Physiotherapist David Putrino was working on a vibrating glove to help deaf people experience live music when a friend mentioned that the same technology might stop tremors in people with Parkinson’s disease.

Putrino, director of rehabilitation innovation for Mount Sinai Health System in New York City, was intrigued. The friend’s father had Parkinson’s, so they placed the new device on his wrist, and the tremors stopped in their tracks.

“He was a former pianist and sat down and started playing. It was quite dramatic,” Putrino recalled.

And that’s when Putrino and his team pivoted and began investigating the new device for Parkinson’s-related tremors. Evidence shows that they’re on to something. The device, which is worn on the wrist or ankle and is roughly the size and weight of a smartwatch, may be a safe and effective way to reduce resting tremors in people with Parkinson’s disease.

The technology sends signals to the brain to disrupt the abnormal rhythms that cause resting tremors. The typical Parkinson’s tremor tends to occur when muscles are relaxed, trazodone recreational use such as when hands are resting on the lap. The tremors tend to lessen when the body is engaged in another activity or during sleep.

“Drugs and even some of the more invasive interventions like deep brain stimulation (DBS) therapy aim to break up the abnormal synchrony between brain regions to improve symptoms” for Parkinson’s patients, Putrino explained.

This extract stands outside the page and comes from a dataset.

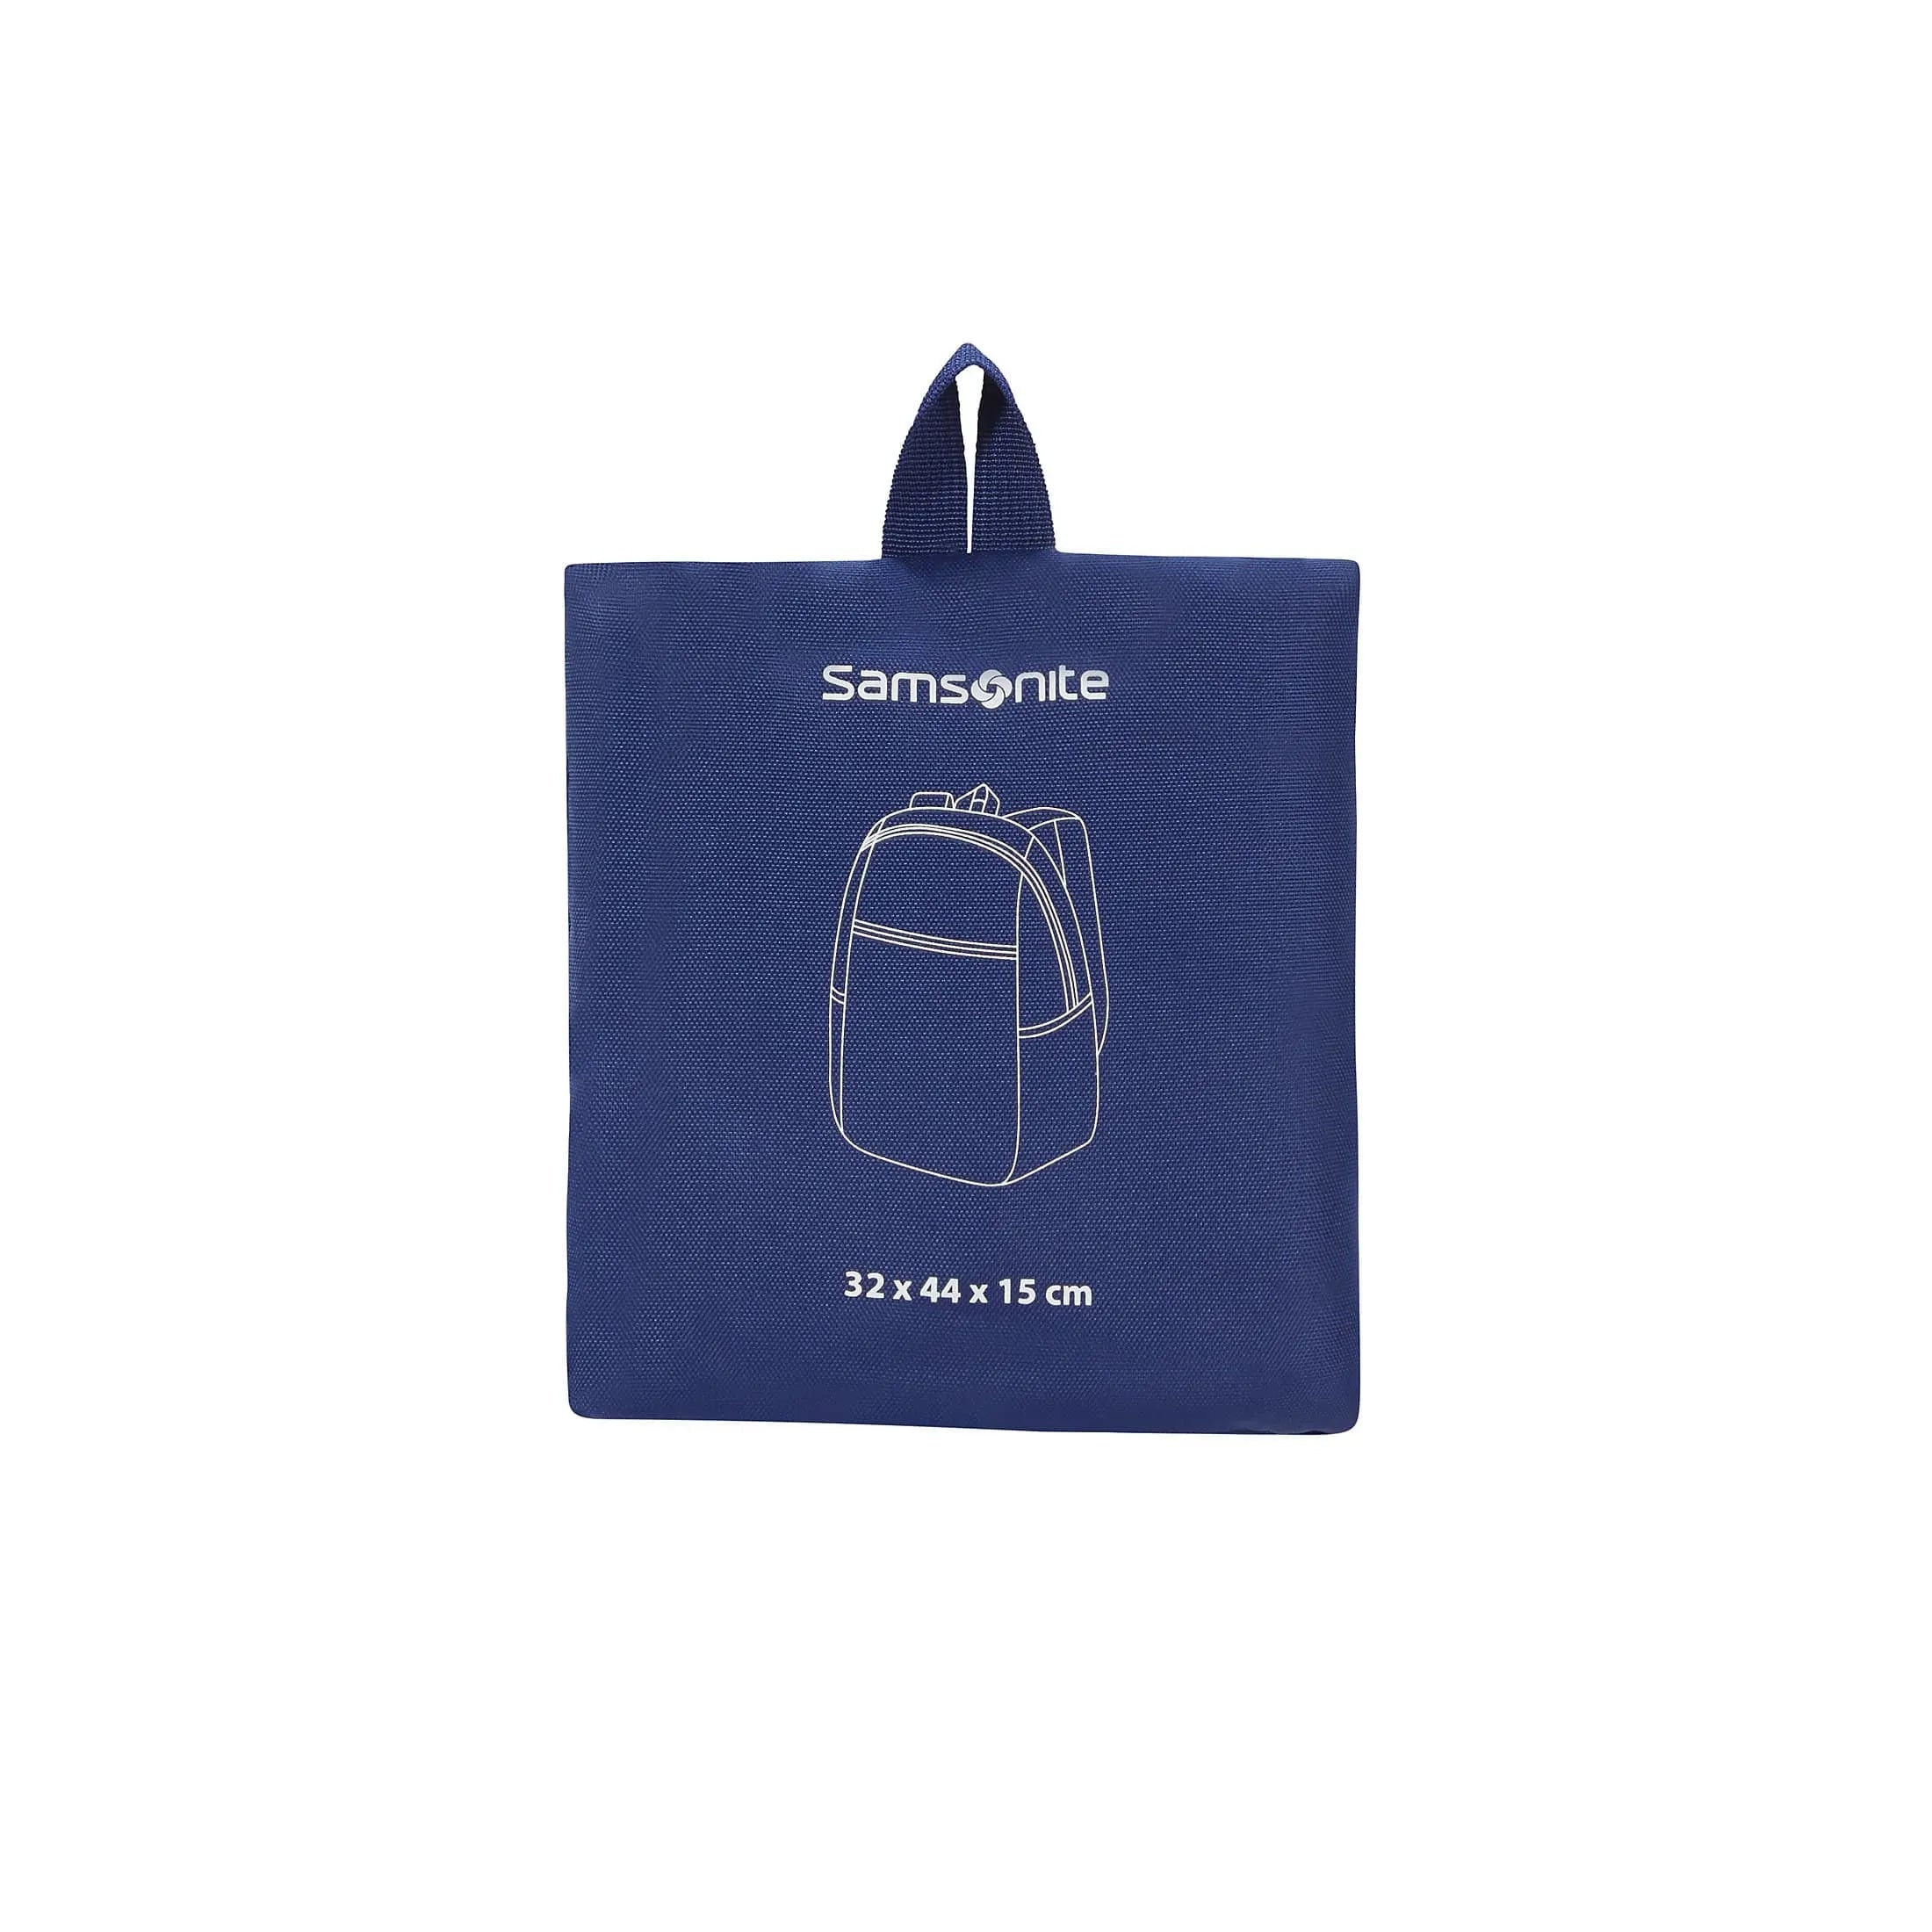 Samsonite Travel Accessories sac à dos pliable 44 cm - bleu nuit

For the new study, 44 people with Parkinson’s used the device on their wrists or ankles with two vibration patterns to make sure it was safe.

The answer was yes.

“Patients did not report any serious adverse events,” Putrino said. “Some people turned the intensity down, while others said it was pleasant.”

The study was not designed to show if or how well the device works, but most folks reported a reduction in tremors while receiving the vibrating pulses.

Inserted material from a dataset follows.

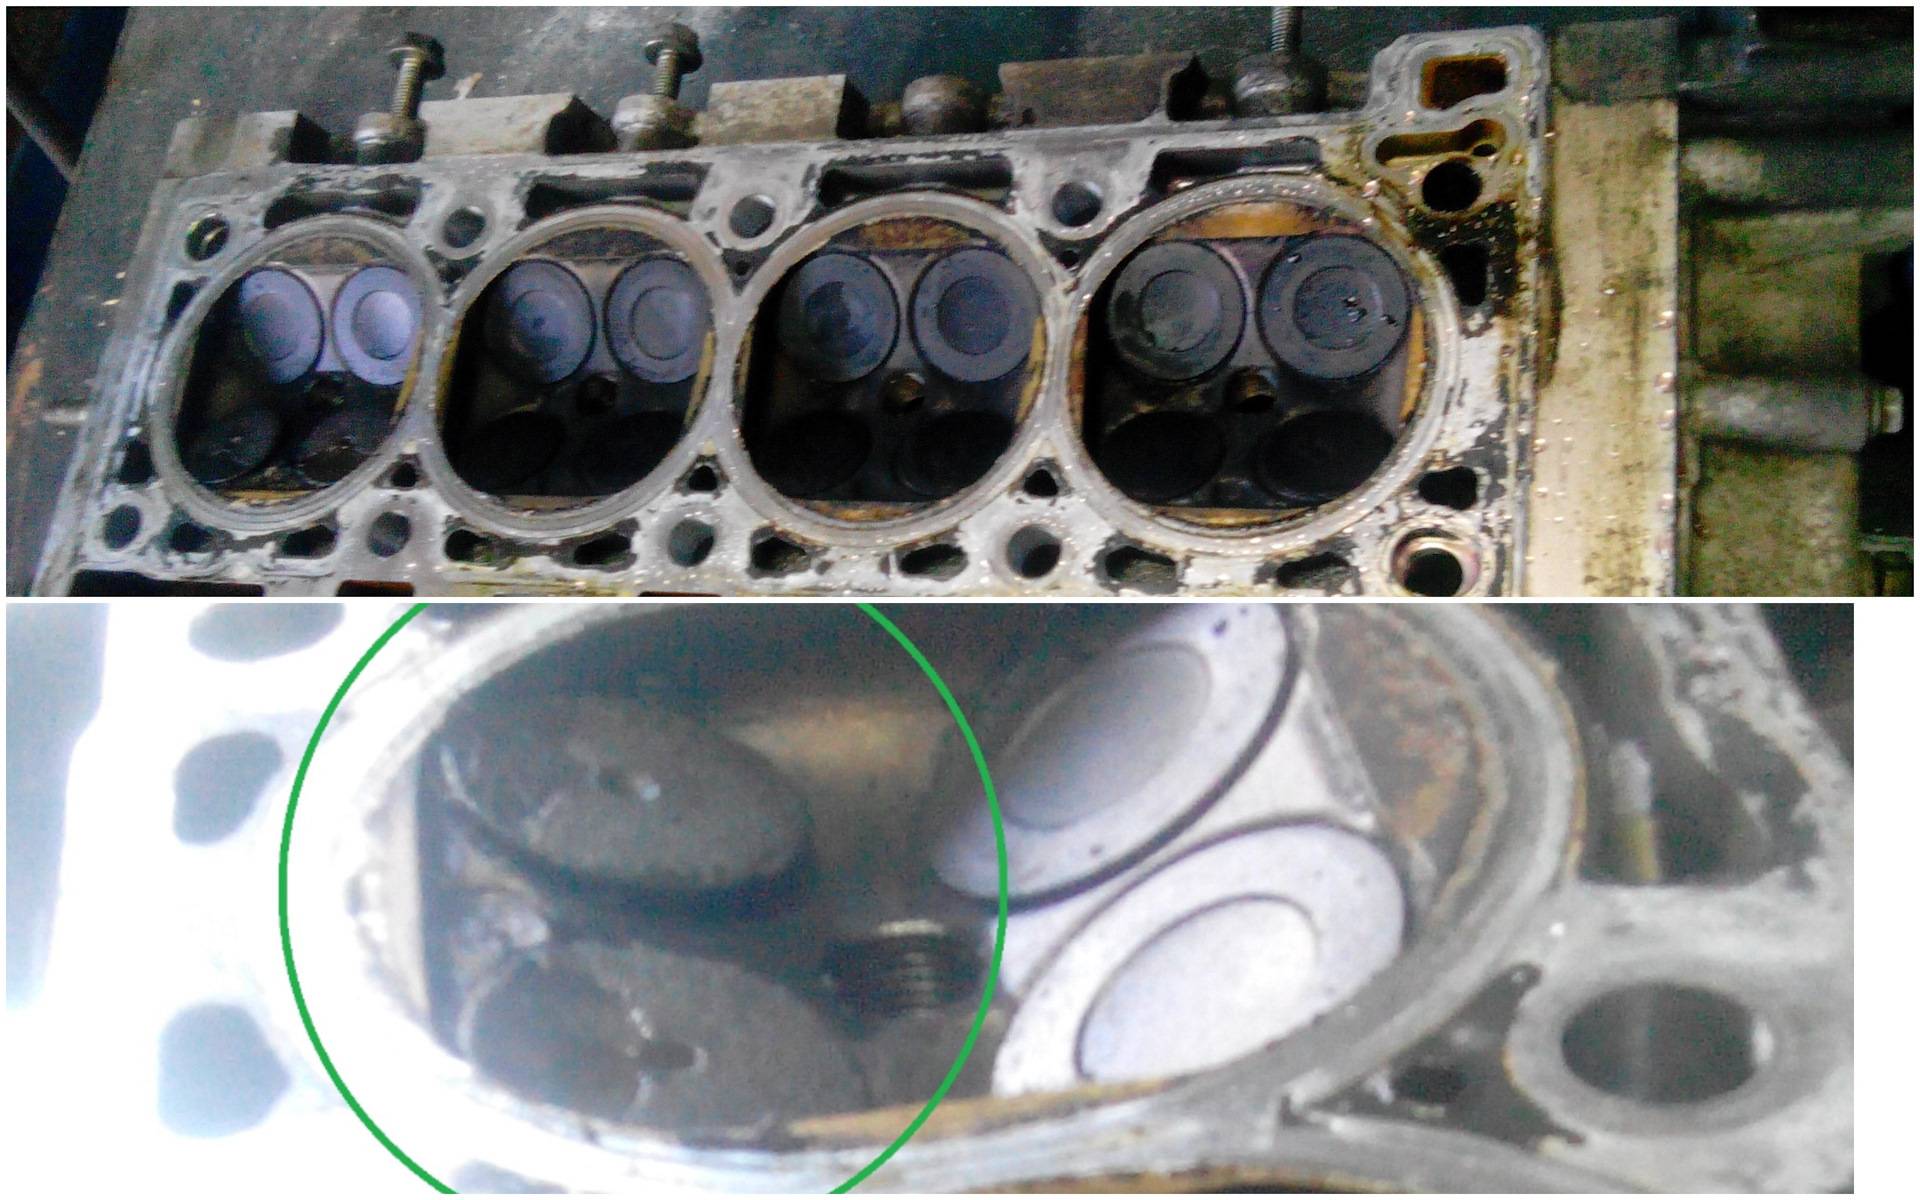 Ваз 2114 гнет. Гнутые клапана ВАЗ 2114. Загнутые клапана в ВАЗ 2114. 124 Мотор 16 клапанный гнет ли клапана. Загнуло клапана Рено Сандеро 16 клапанов.

“Sending competing messages to the brain to disrupt abnormal synchronicity through the wrist or ankles can help stop tremors,” Putrino said.

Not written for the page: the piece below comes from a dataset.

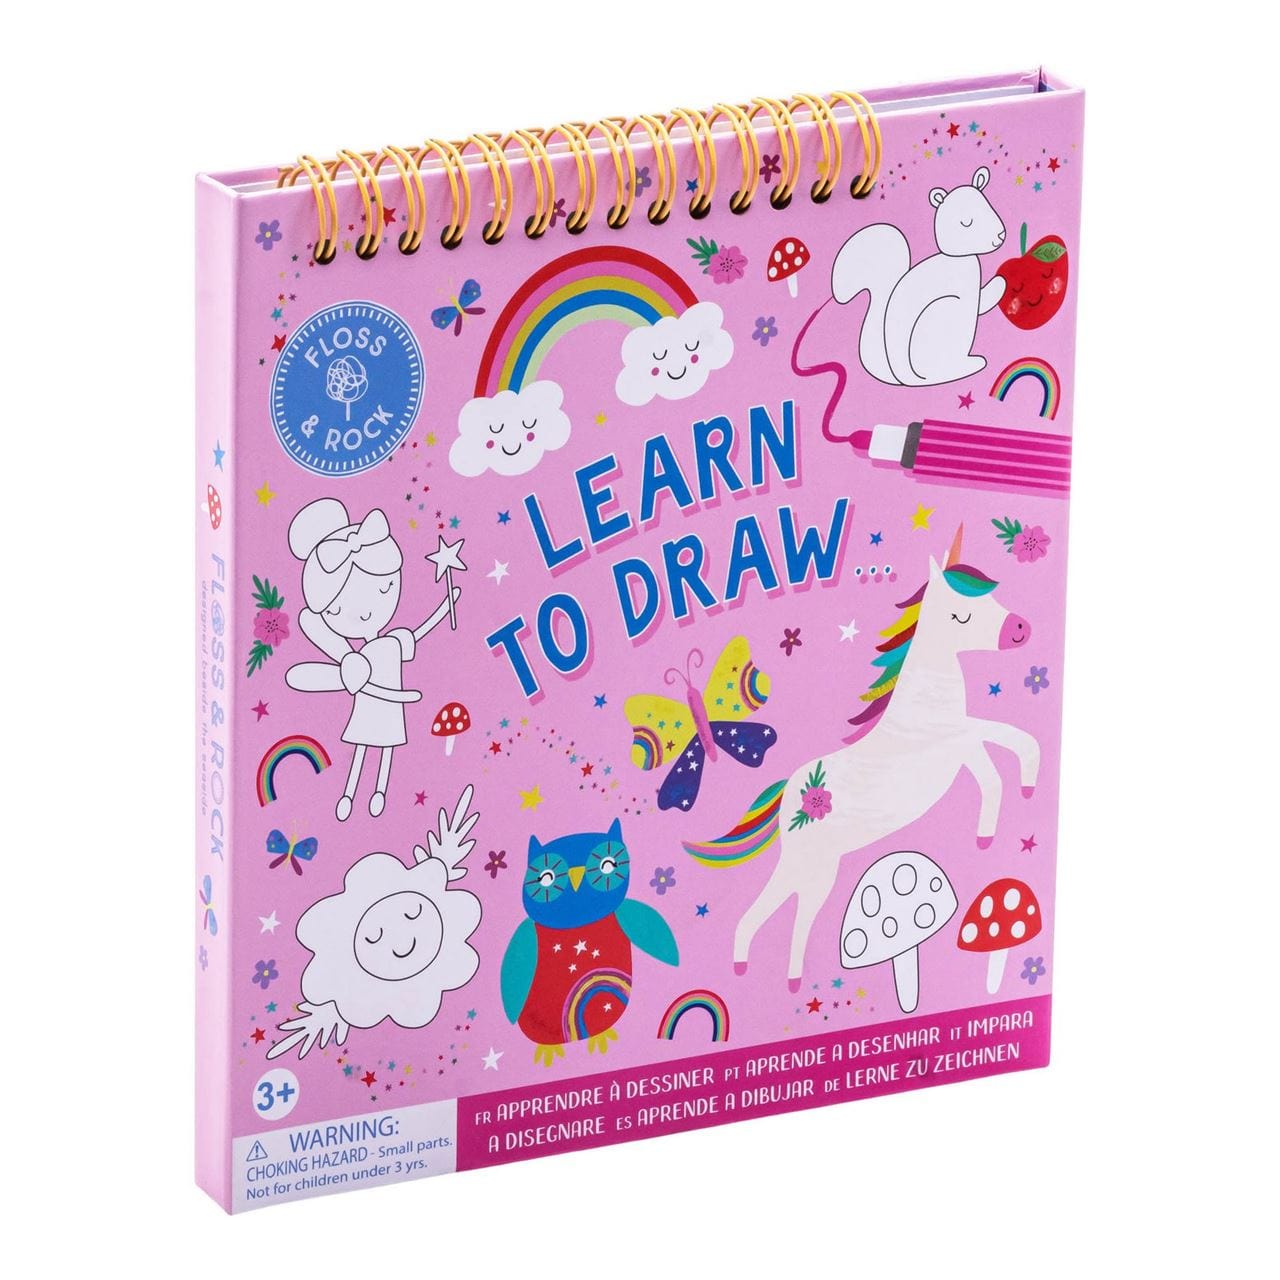 Floss & Rock Toys Rainbow Fairy - Learn To Draw

The next step is a larger study comparing the device to a placebo device for daily use, he said.

If follow-up studies show similar results, the device may be here sooner than you know. “There is no reason why this can’t be made within five years as long as studies continue to be encouraging, and we continue to see no adverse reactions,” Putrino said.

The device won’t be a panacea for other types of tremors with different neurologic causes. Researchers do plan to study the vibrating device in spinal cord injury, stroke and other types of neurologic disabilities, he said. It’s now being used to allow deaf people to experience live music.

The findings were published Nov. 18 in the journal Frontiers in Human Neuroscience.

Dr. Michele Tagliati, director of the Movement Disorders Program at Cedars-Sinai in Los Angeles, reviewed the findings.

“Tremor in Parkinson’s disease is an interesting symptom, but it is often not the most disabling symptom,” he said.

There aren’t great ways to treat tremors in Parkinson’s disease right now. Surgeries such as that for DBS are extremely effective but they are invasive and not everyone is a candidate. Medication such as levodopa doesn’t always curb tremors either.